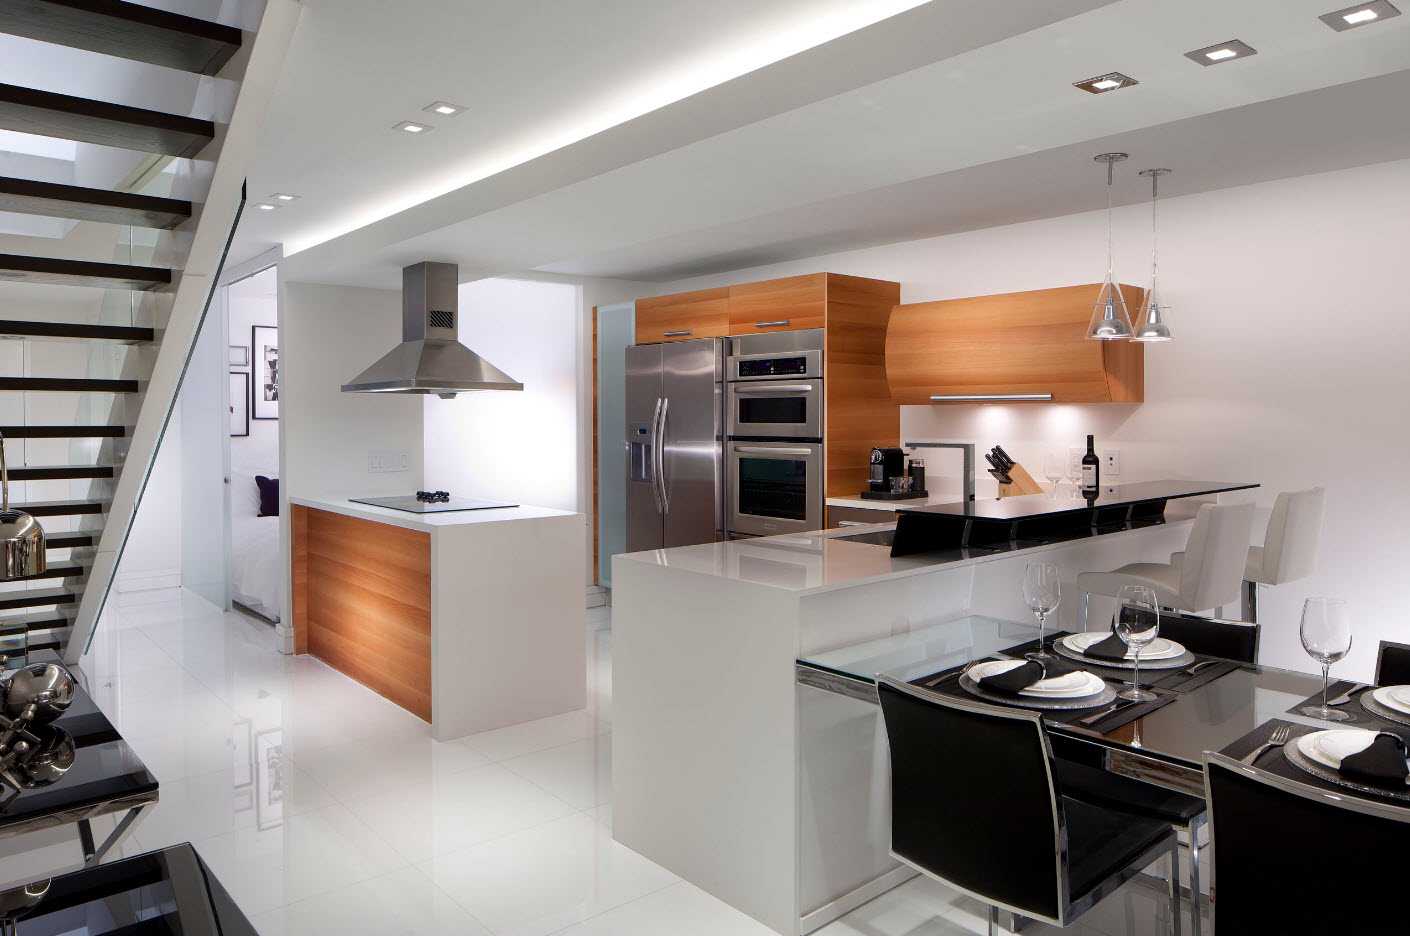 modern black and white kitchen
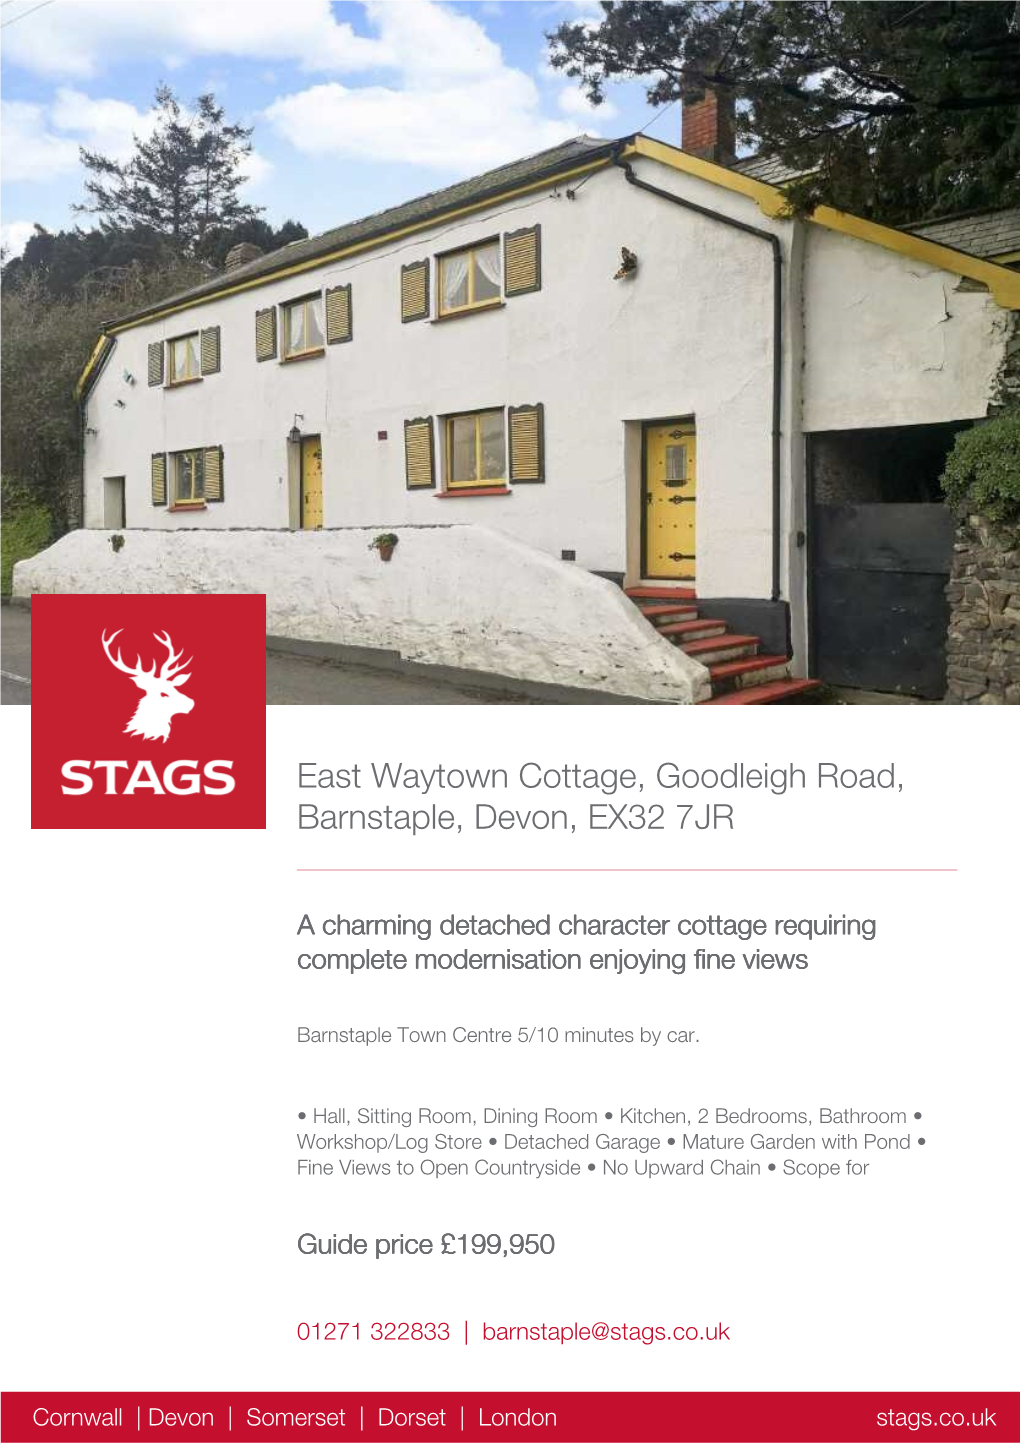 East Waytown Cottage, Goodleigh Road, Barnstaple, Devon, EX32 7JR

##########

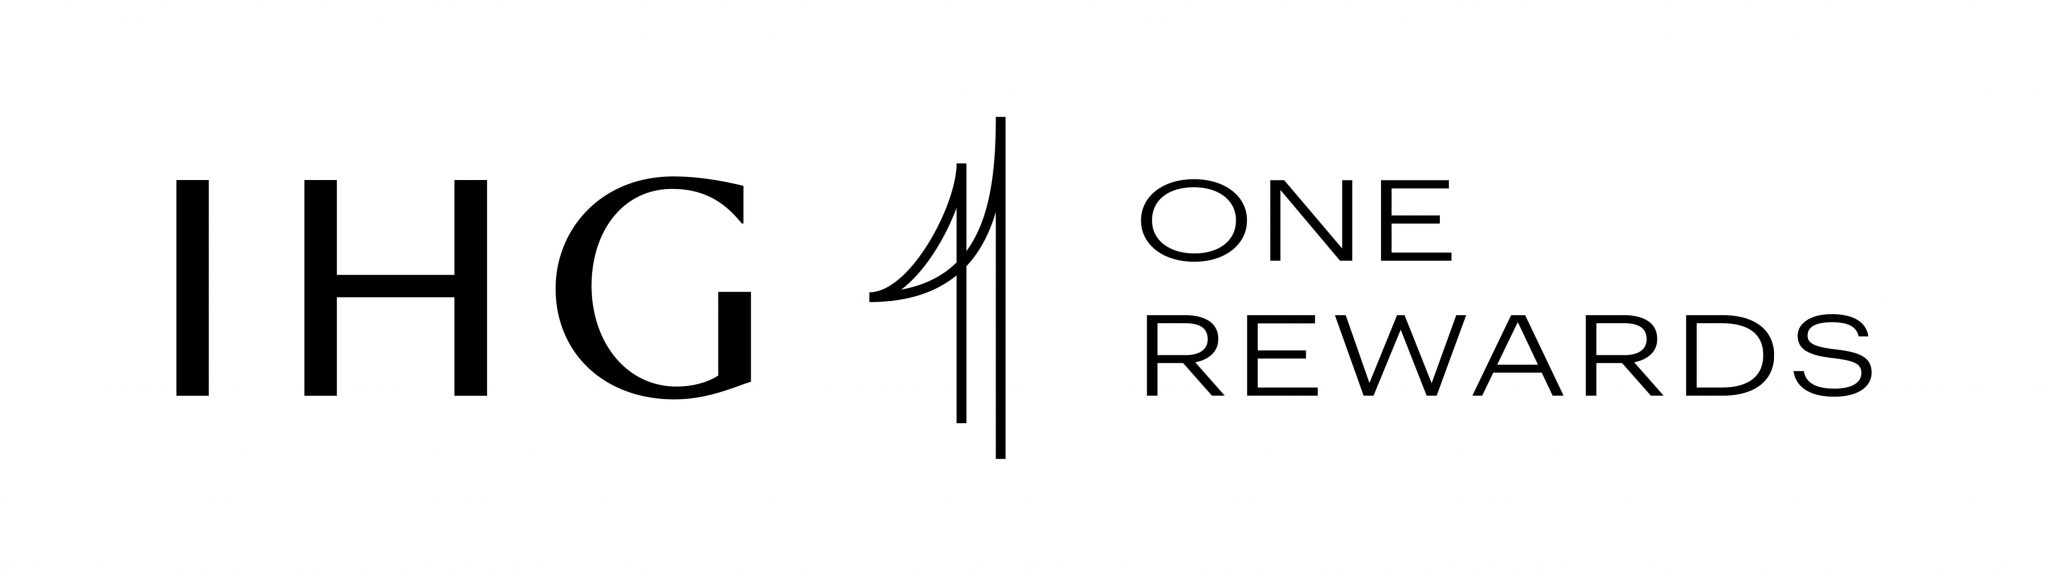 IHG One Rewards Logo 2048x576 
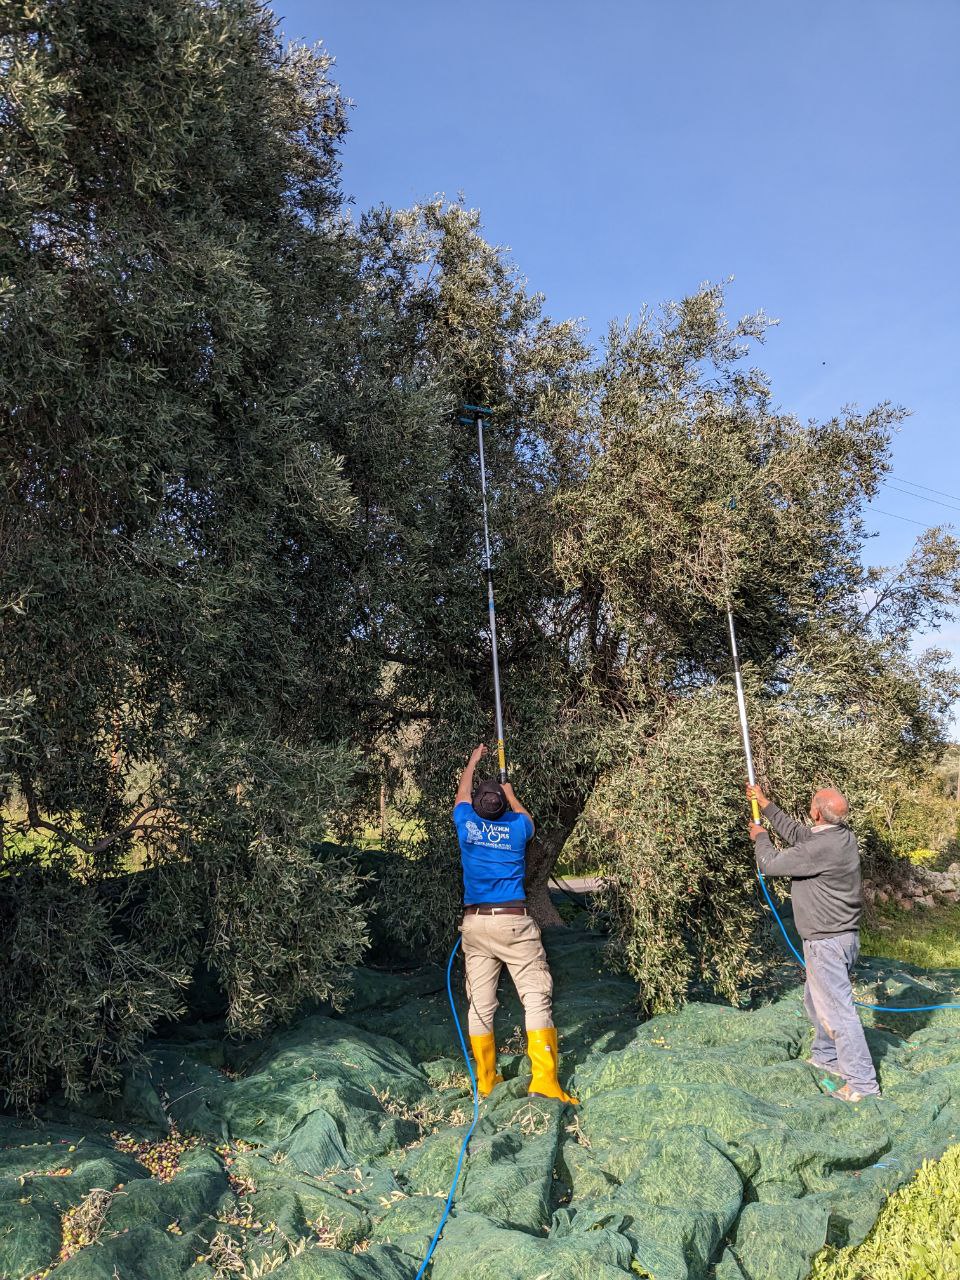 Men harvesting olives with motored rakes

##########

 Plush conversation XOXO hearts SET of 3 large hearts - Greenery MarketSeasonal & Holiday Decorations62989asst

##########

--- What is expected ---
Output only the lines above from the line that holds "modern black and white kitchen" through the line that holds "East Waytown Cottage, Goodleigh", both ends included, and exclude pictures.

--- Answer to this task ---
 modern black and white kitchen
 East Waytown Cottage, Goodleigh Road, Barnstaple, Devon, EX32 7JR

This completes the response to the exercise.